_The task:_ Retype the following data exactly, but leave its pictures out.

_Available data:_
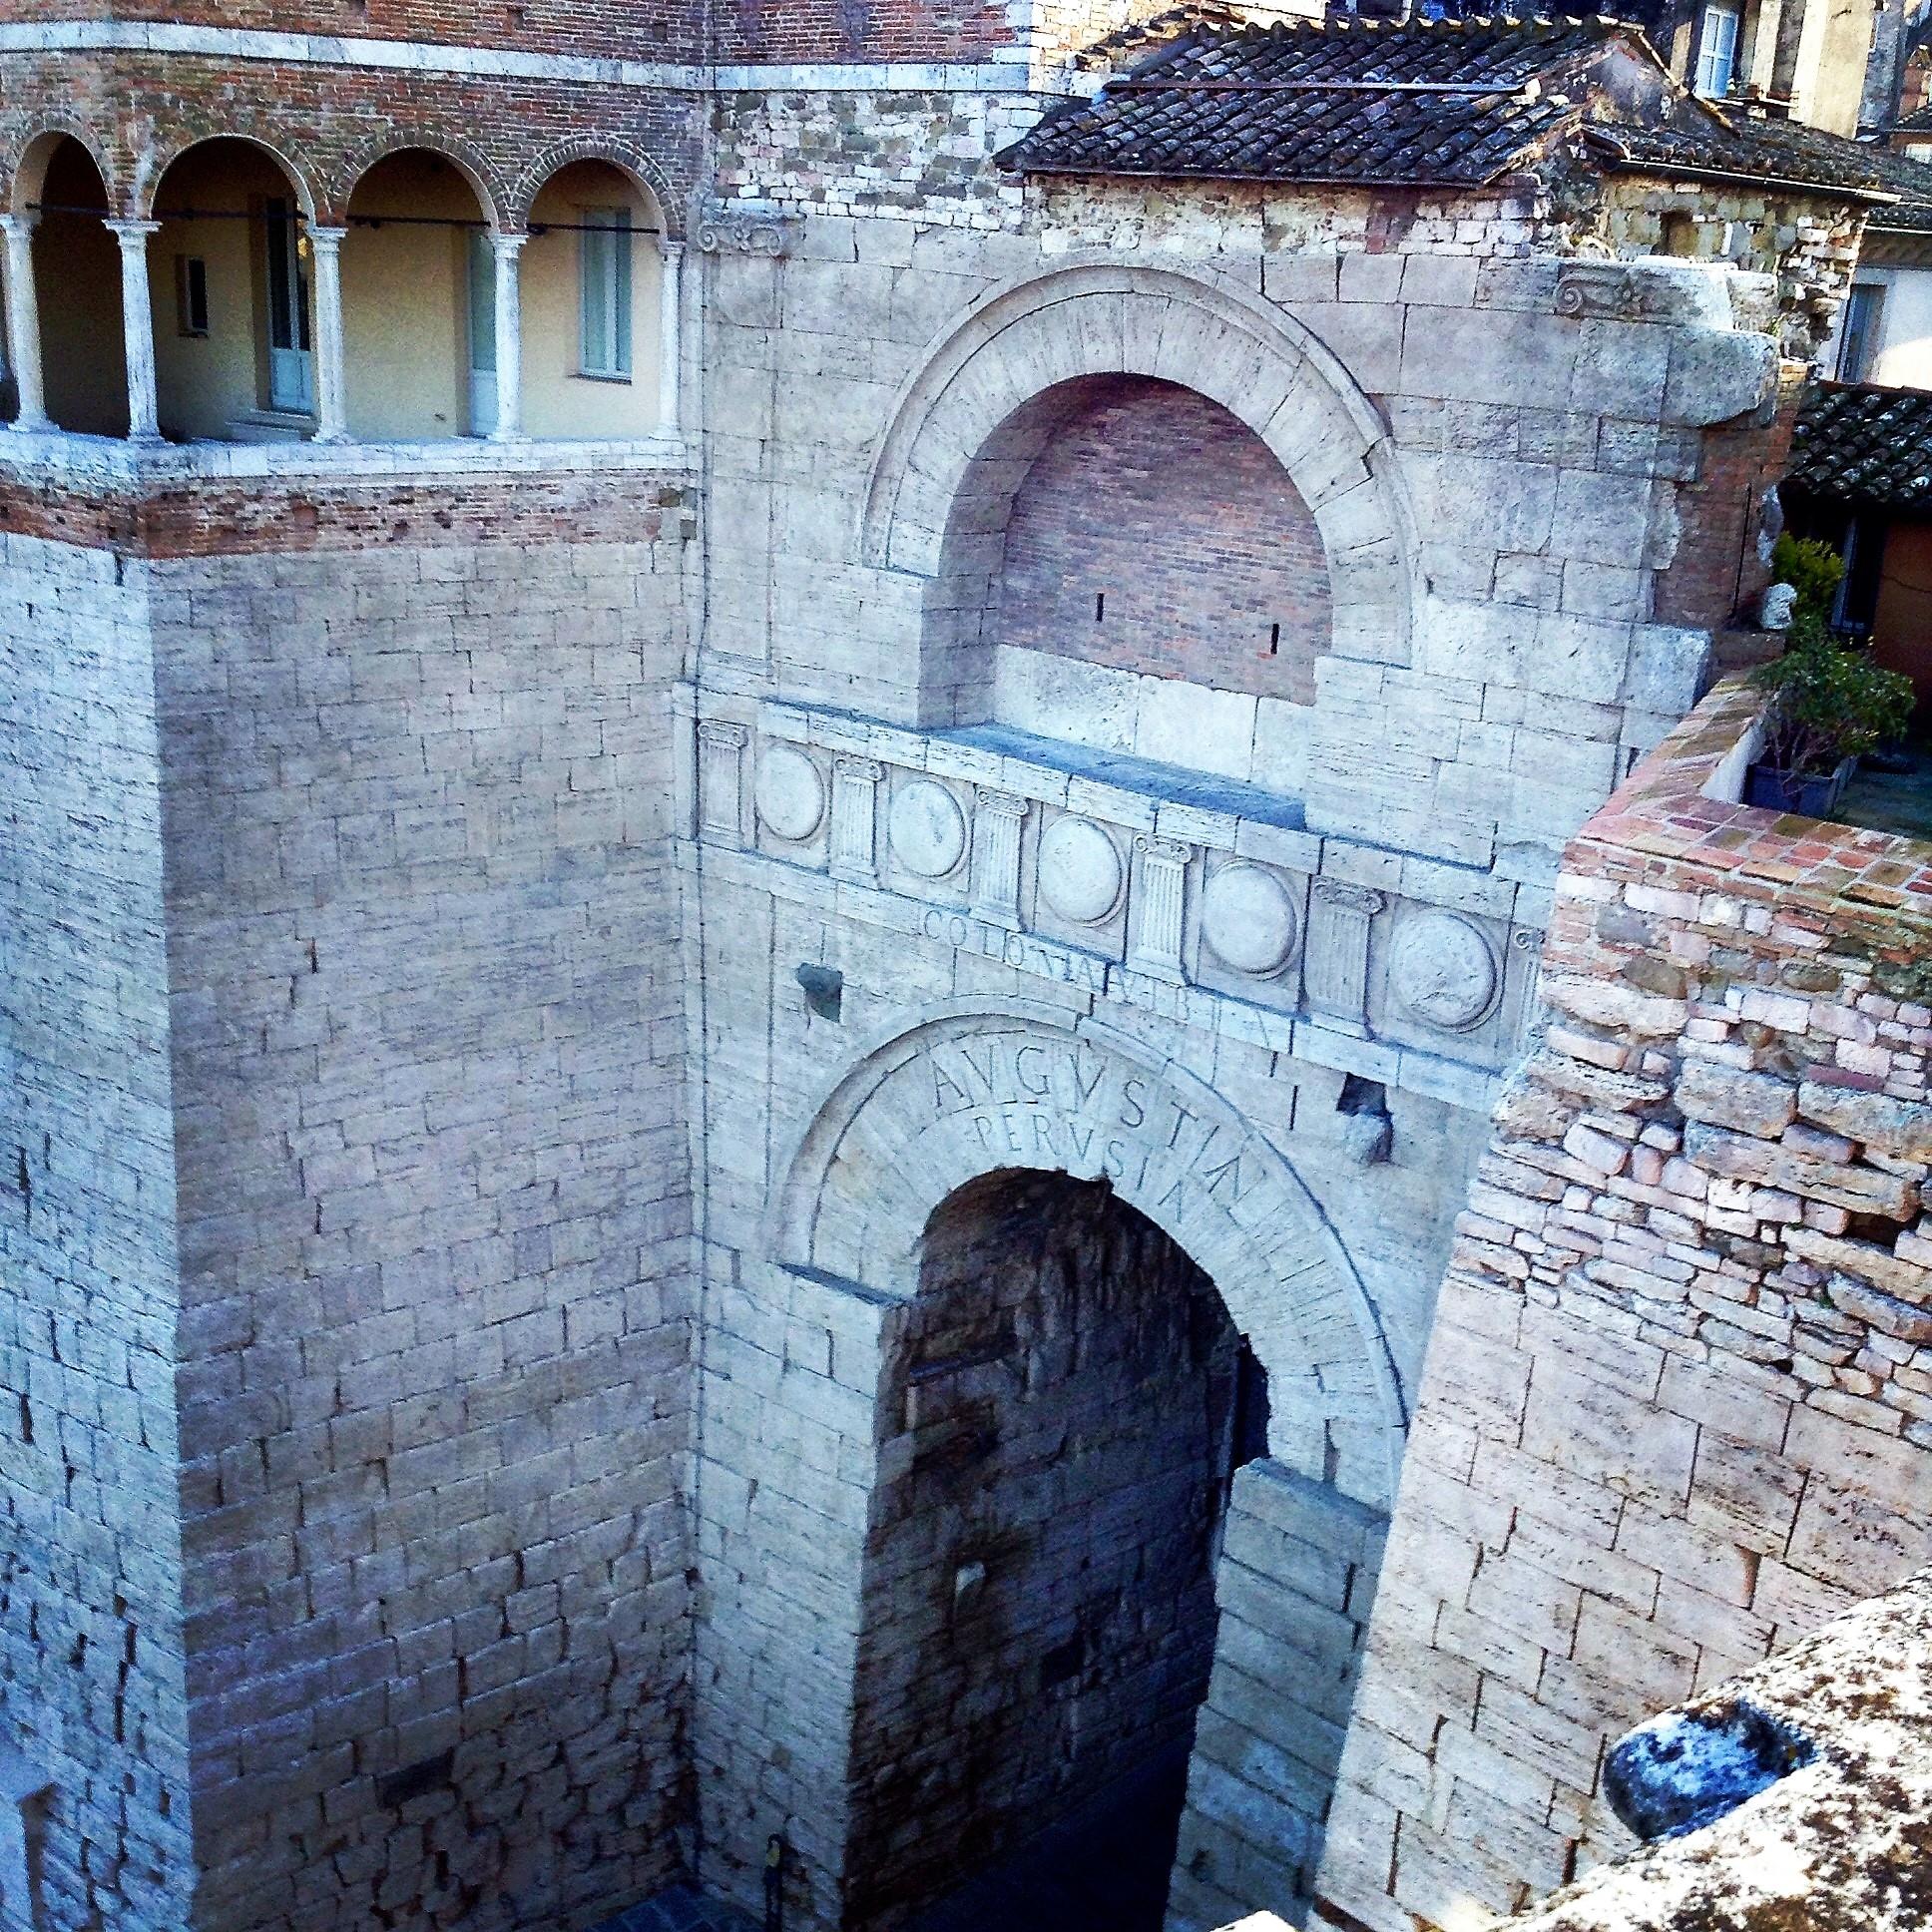 Learning Italian in Perugia
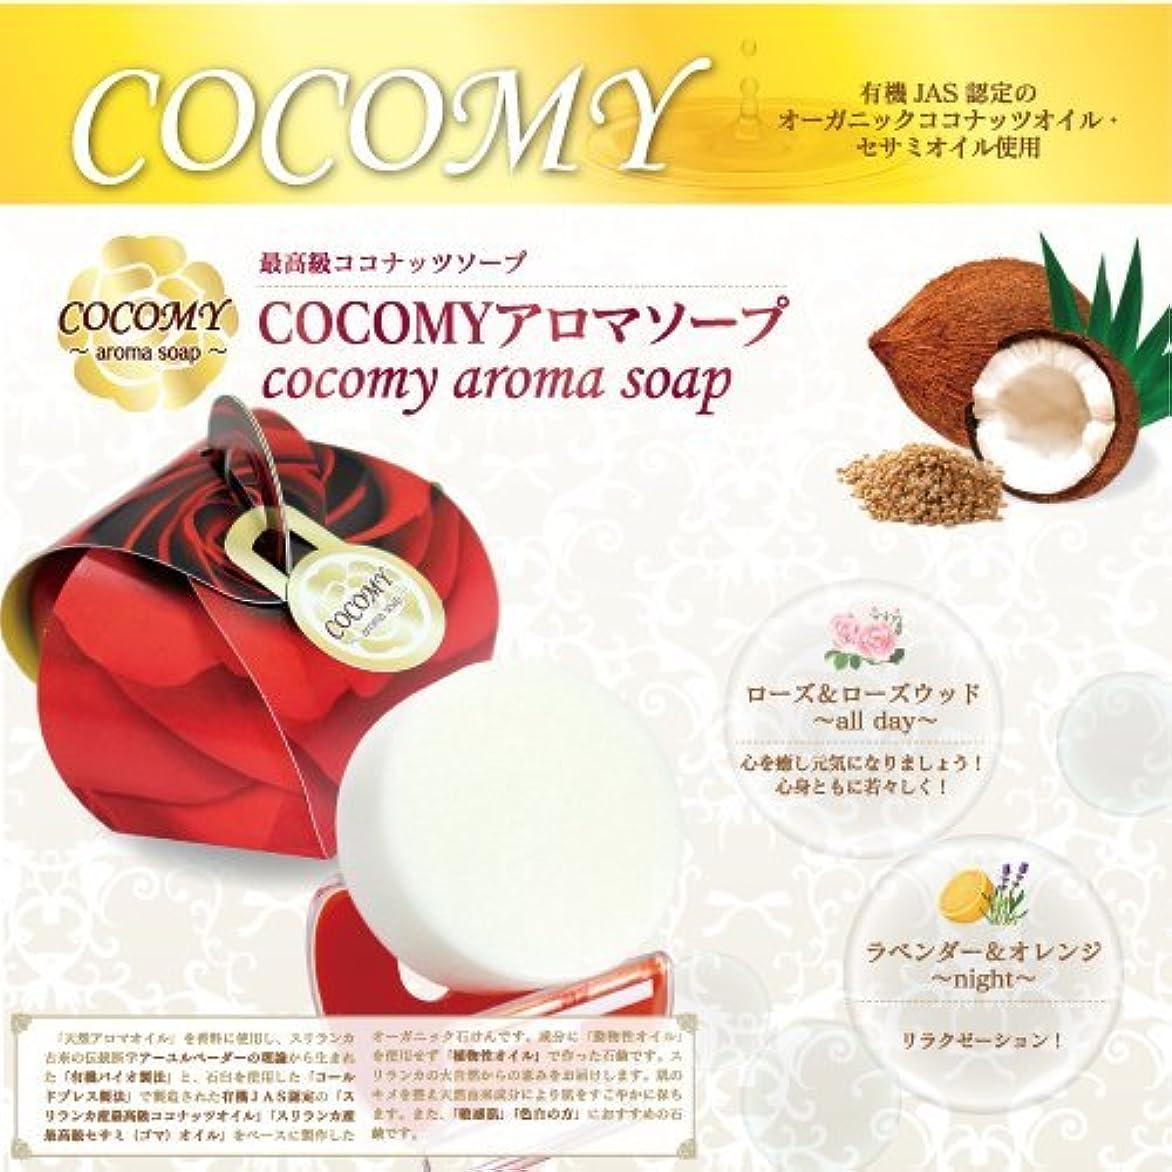 間違っている正しく静けさCOCOMY aromaソープ 2個セット (ラベンダー&オレンジ)(ローズ&ローズウッド)40g×各1
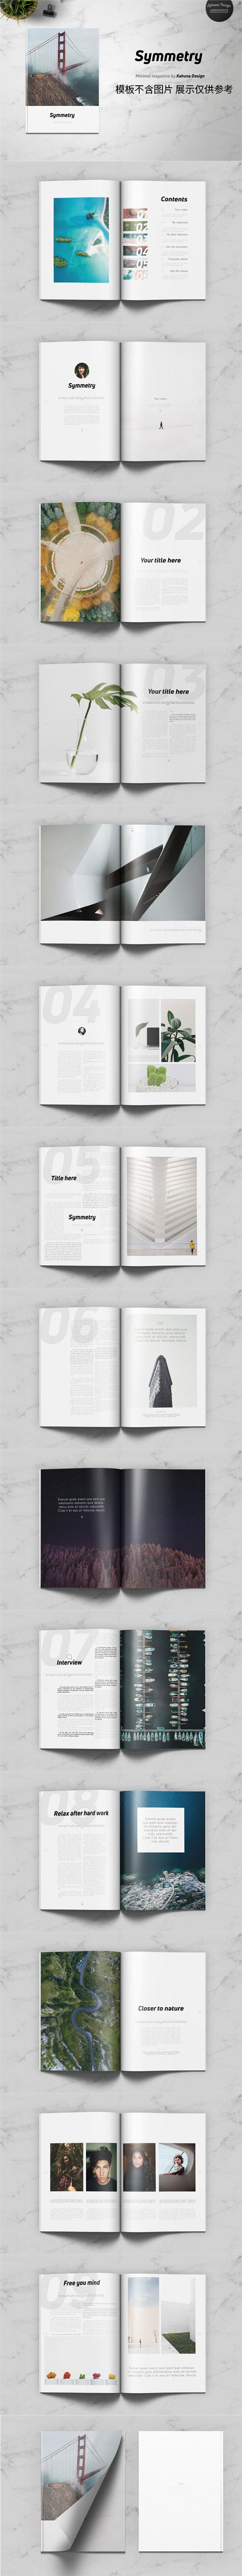 杂志画册模板

_Task output:_
 Learning Italian in Perugia
 間違っている正しく静けさCOCOMY aromaソープ 2個セット (ラベンダー&オレンジ)(ローズ&ローズウッド)40g×各1
 杂志画册模板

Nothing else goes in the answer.